The bottom twinkled and popped with savage little yellow winks; bang! went a rifle in my ear; “whew!” snorted my big horse; and our picket went to the supports clattering.

The shots and yells followed fast. The Colonel had withdrawn the supports towards the post rapidly, leaving his picket-line in the air—a thing which happens in war; but he did not lose much of that line, I should say.

It was an interesting drill. Pestiferous little man disturbed nature, and it all seemed so absurd out there on those quiet gray hills. It made me feel, as I slowed down and gazed at the vastness of things, like a superior sort of bug. In the middle distance several hundred troops are of no more proportion than an old cow bawling through the hills after her wolf-eaten calf. If my mental vision were not distorted I should never have seen the manoeuvre at all—only the moon and the land doing what they have done before for so long a time.

We reached Adobe rather late, when I found that the day's work had done wonders for my appetite. I reminded the Captain that I had broken his bread but once that day.

“It is enough for a Ninth Cavalry man,” he observed. However, I out-flanked this brutal disregard for established customs, but it was “cold.”

In the morning I resisted the Captain's boot, and protested that I must be let alone; which being so, I appeared groomed and breakfasted at a Christian hour, fully persuaded that as between an Indian and a Ninth Cavalry man I should elect to be an Indian.
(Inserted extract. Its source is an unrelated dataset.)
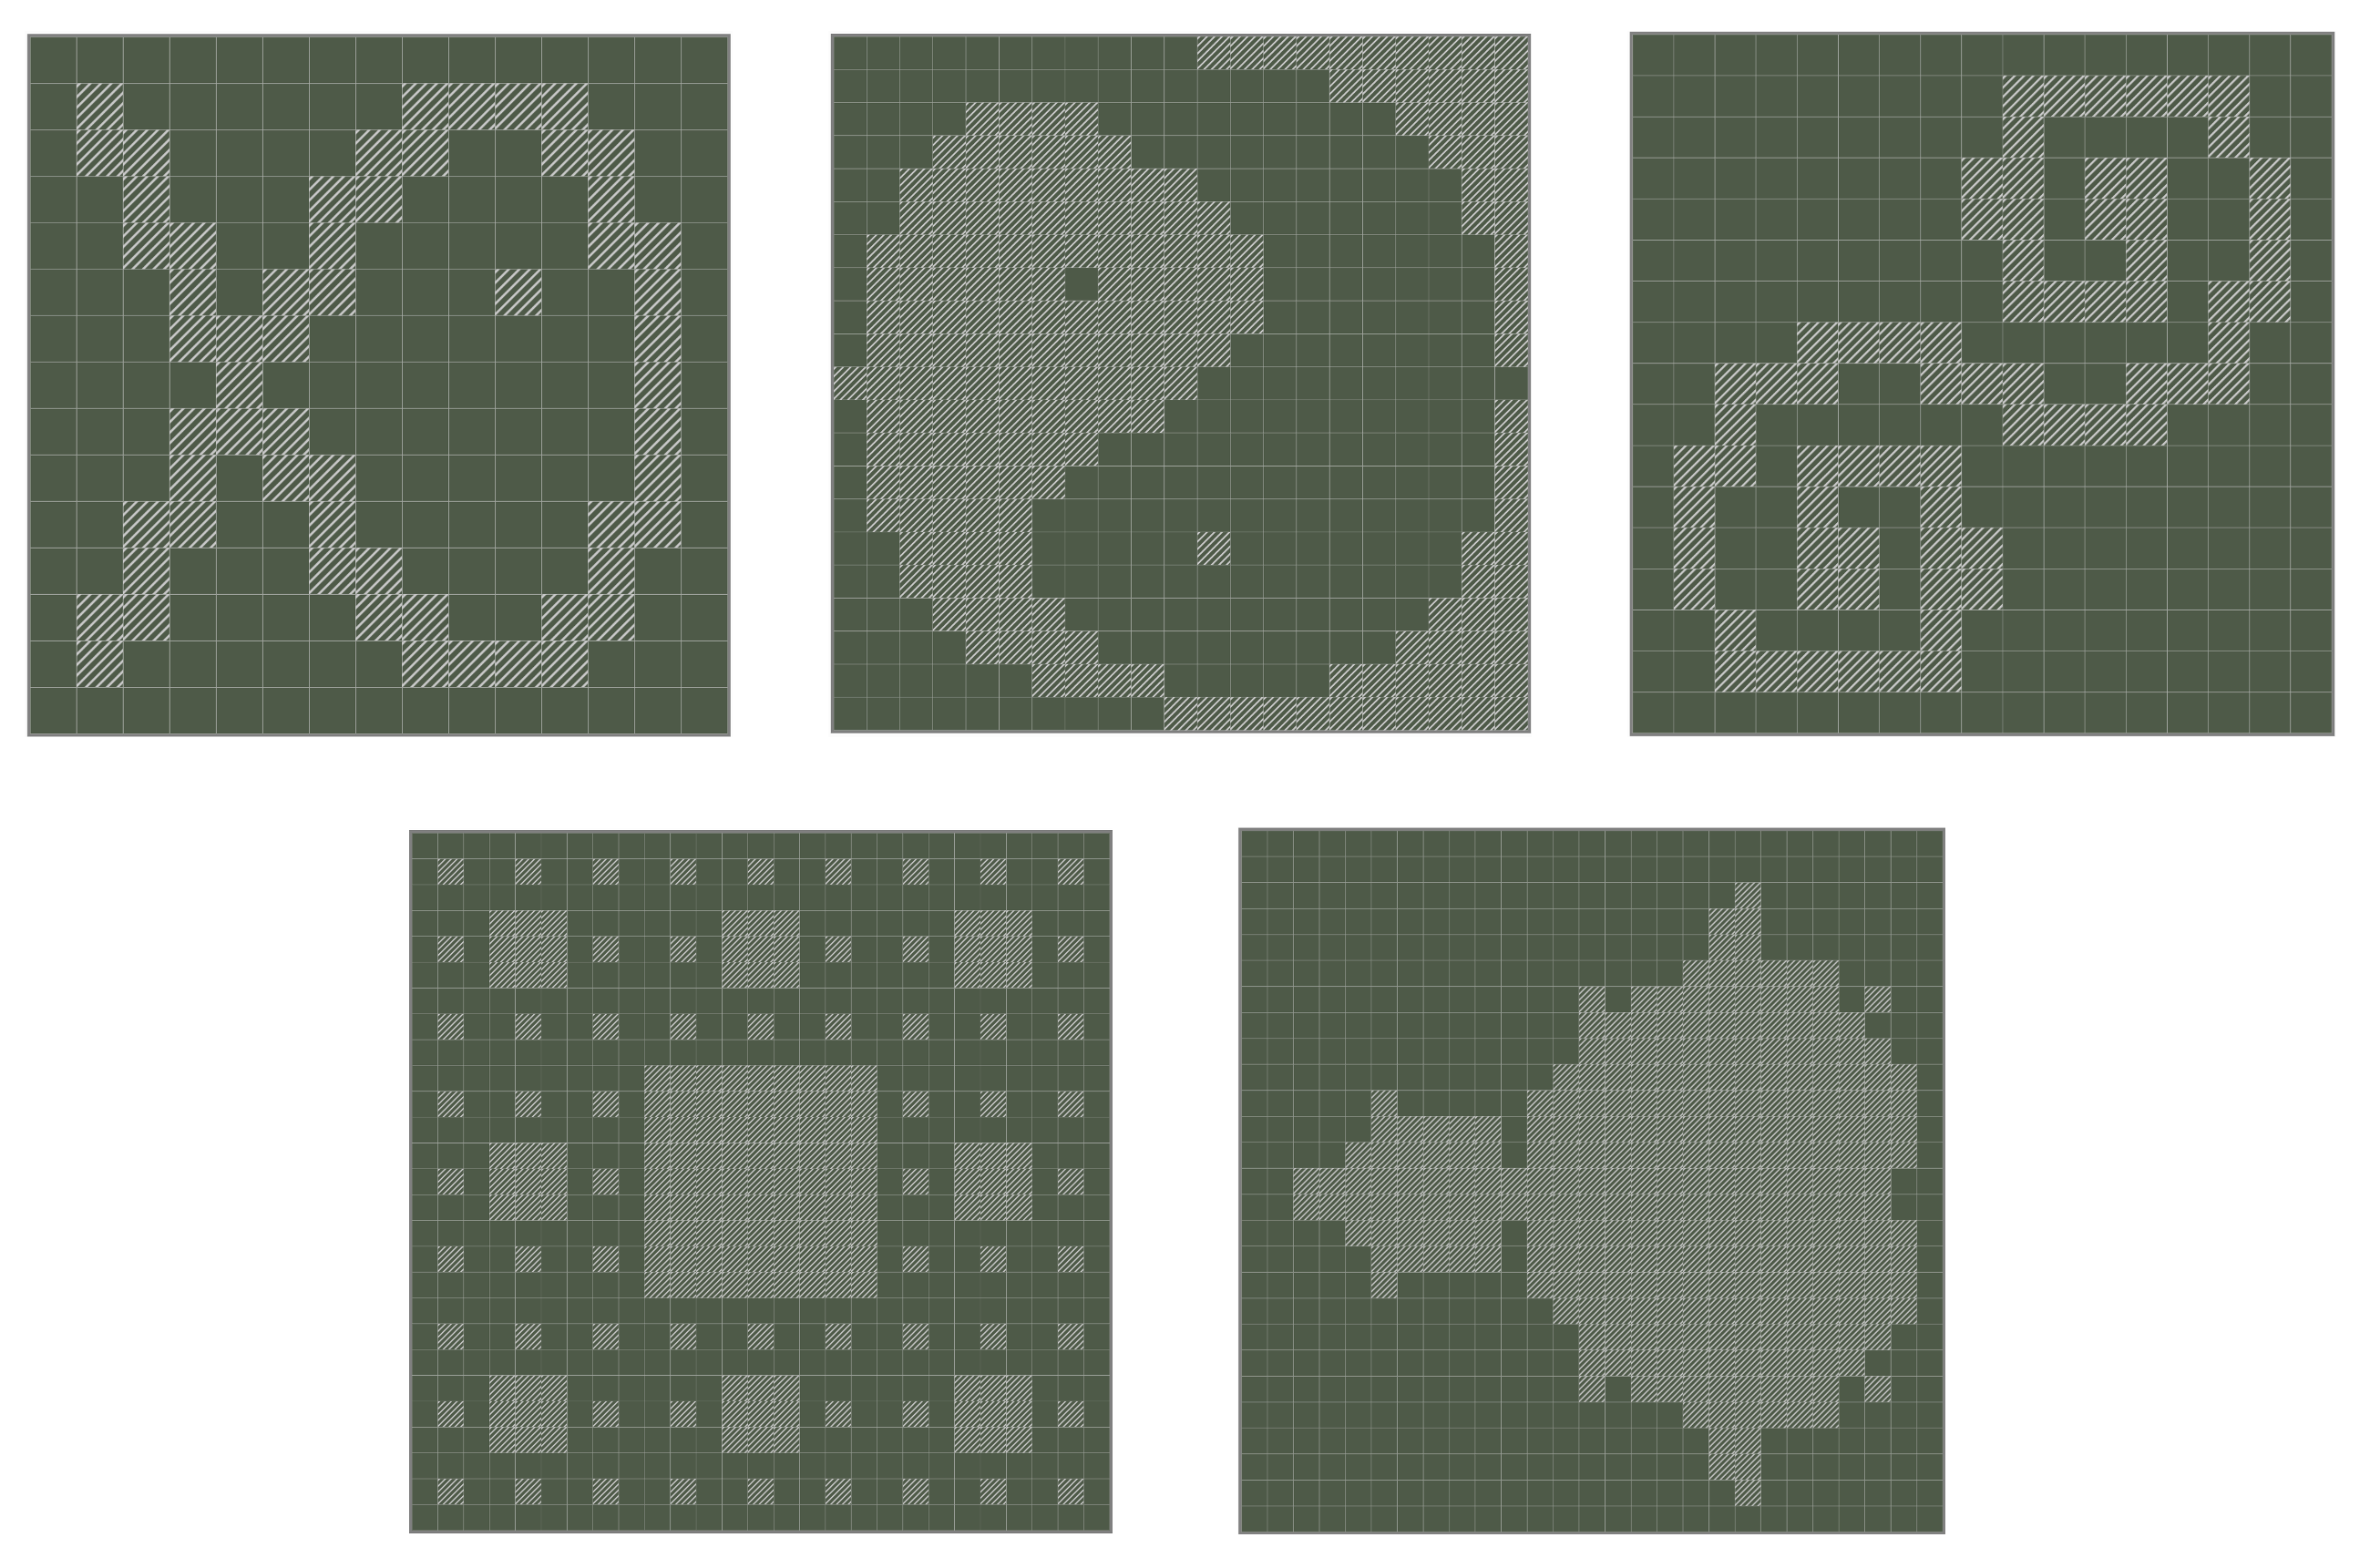 Gallery of several checkboard pattern challenges

Some one must have disciplined the Colonel. I don't know who it was. There is only one woman in a post who can, generally; but no dinners were spoiled at Adobe by night-cat affairs.

Instead, during the afternoon we were to see Captain Garrard, the hostile, try to save two troops which were pressed into the bend of a river by throwing over a bridge, while holding the enemy in check. This was as complicated as putting a baby to sleep while reading law; so clearly my point of view was with the hostiles. With them I entered the neck. The horses were grouped in the brush, leaving some men who were going underground like gophers out near the entrance. The brown-canvas-covered soldiers grabbed their axes, rolled their eyes towards the open plain, and listened expectantly.

The clear notes of a bugle rang; whackety, bang—clack—clack, went the axes. Trees fell all around. The forest seemed to drop on me. I got my horse and fled across the creek.

“That isn't fair; this stream is supposed to be impassable,” sang out a lieutenant, who was doing a Blondin act on the first tree over, while beneath him yawned the chasm of four or five feet.

In less than a minute the whole forest got up again and moved towards the bridge. There were men behind it, but the leaves concealed them. Logs dropped over, brush piled on top. The rifles rang in scattered volleys, and the enemy's fire rolled out beyond the brush. No bullets whistled—that was a redeeming feature.

Aside from that it seemed as though every man was doing his ultimate act. They flew about; the shovels dug with despair; the sand covered the logs in a shower. While I am telling this the bridge was made.

The first horse came forward, led by his rider. He raised his eyes like St. Anthony; he did not approve of the bridge. He put his ears forward, felt with his toes, squatted behind, and made nervous side steps. The men moved on him in a solid crowd from behind. Stepping high and short he then bounded over, and after him in a stream came the willing brothers. Out along the bluffs strung the troopers to cover the heroes who had held the neck, while they destroyed the bridge.

Then they rode home with the enemy, chaffing each other.

It is only a workaday matter, all this; but workaday stuff does the business nowadays.